Haşegan Daniel, Deible Matt, Earl Christopher, D'Onofrio David, Hazan Hananel, Anwar Haroon, Neymotin Samuel A
Vilcek Institute of Graduate Biomedical Sciences, NYU Grossman School of Medicine, New York, NY, United States.
Department of Computer Science, University of Pittsburgh, Pittsburgh, PA, United States.
Front Comput Neurosci. 2022 Sep 30;16:1017284. doi: 10.3389/fncom.2022.1017284. eCollection 2022.

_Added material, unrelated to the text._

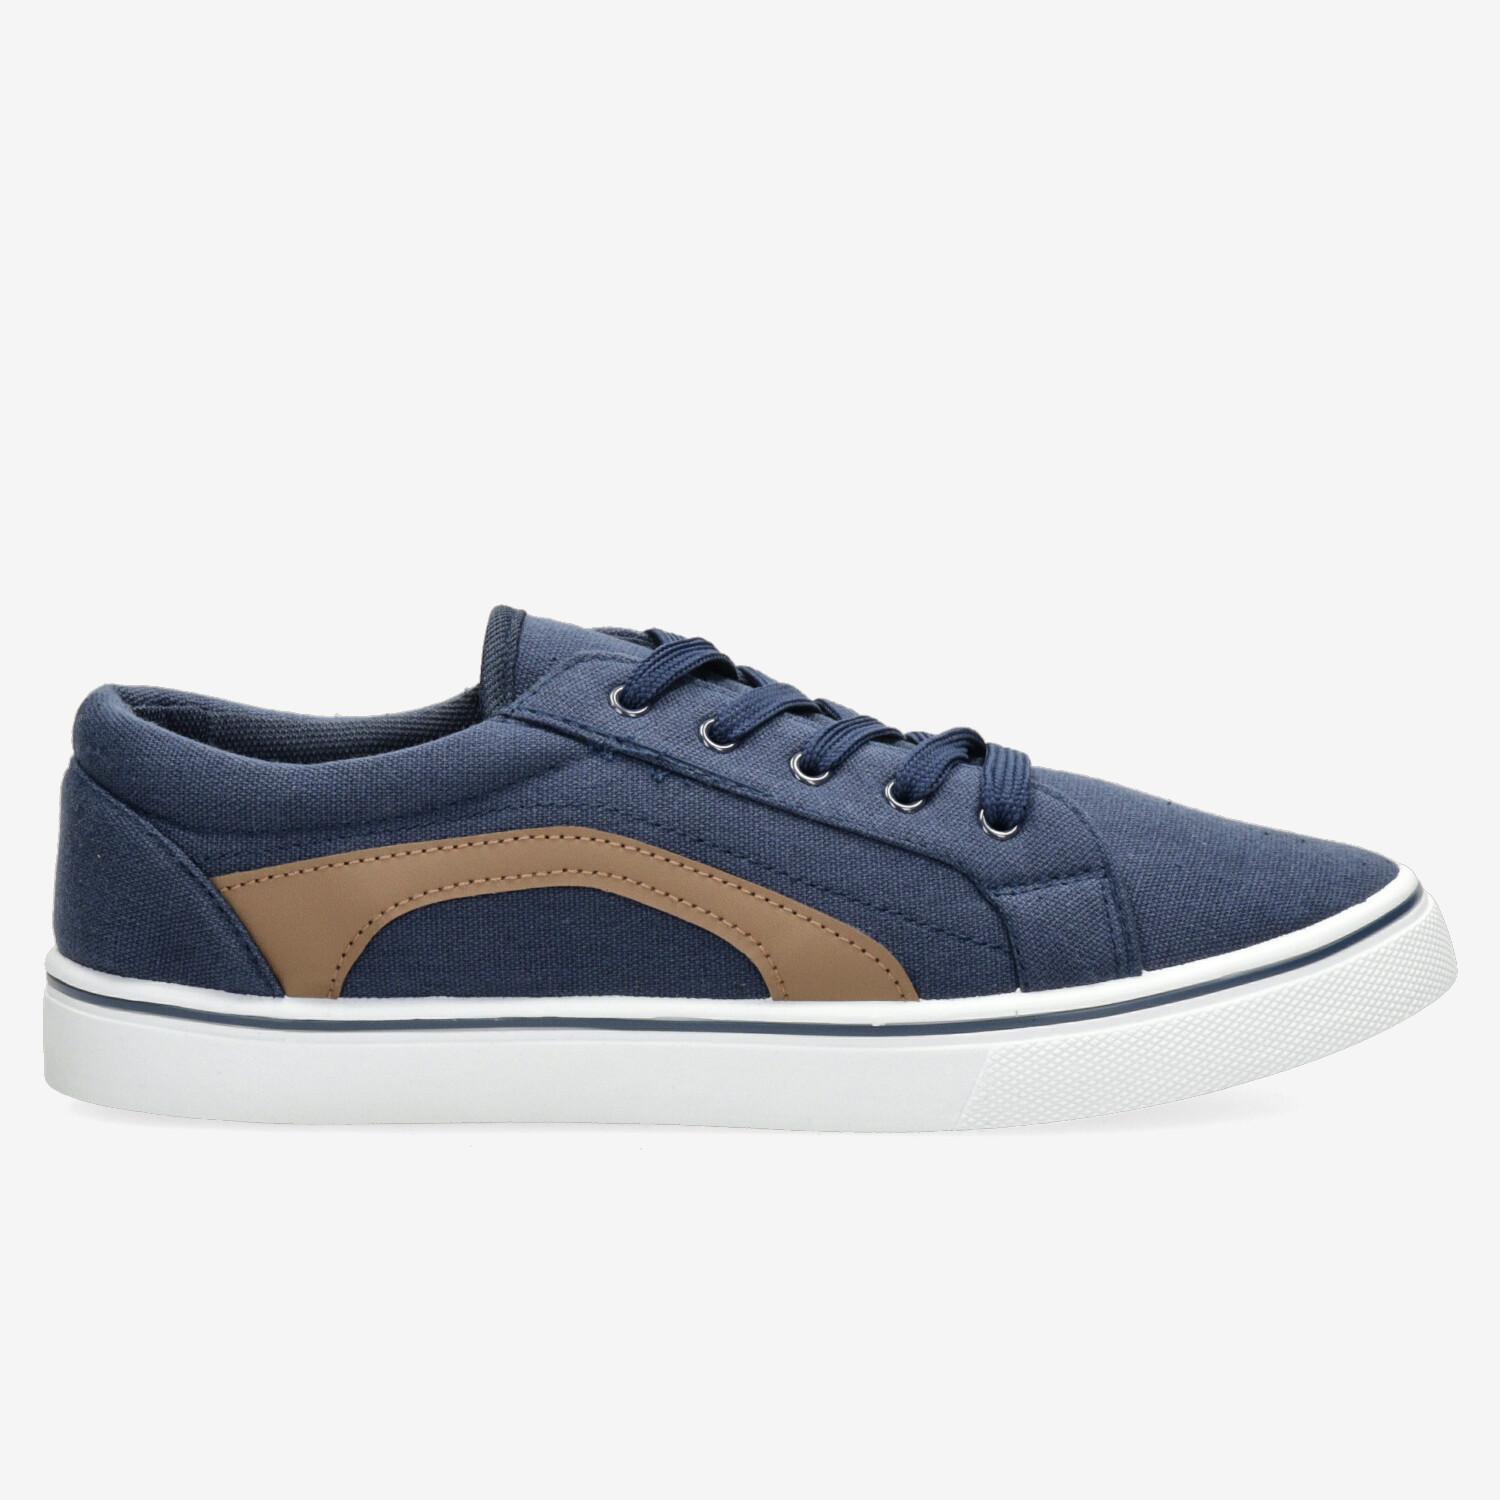 Up Noel - Bleu Marine - Chaussures en toile Homme sports taille 46

Artificial neural networks (ANNs) have been successfully trained to perform a wide range of sensory-motor behaviors. In contrast, the performance of spiking neuronal network (SNN) models trained to perform similar behaviors remains relatively suboptimal. In this work, we aimed to push the field of SNNs forward by exploring the potential of different learning mechanisms to achieve optimal performance. We trained SNNs to solve the CartPole reinforcement learning (RL) control problem using two learning mechanisms operating at different timescales: (1) spike-timing-dependent reinforcement learning (STDP-RL) and (2) evolutionary strategy (EVOL). Though the role of STDP-RL in biological systems is well established, several other mechanisms, though not fully understood, work in concert during learning . Recreating accurate models that capture the interaction of STDP-RL with these diverse learning mechanisms is extremely difficult. EVOL is an alternative method and has been successfully used in many studies to fit model neural responsiveness to electrophysiological recordings and, in some cases, for classification problems. One advantage of EVOL is that it may not need to capture all interacting components of synaptic plasticity and thus provides a better alternative to STDP-RL. Here, we compared the performance of each algorithm after training, which revealed EVOL as a powerful method for training SNNs to perform sensory-motor behaviors. Our modeling opens up new capabilities for SNNs in RL and could serve as a testbed for neurobiologists aiming to understand multi-timescale learning mechanisms and dynamics in neuronal circuits.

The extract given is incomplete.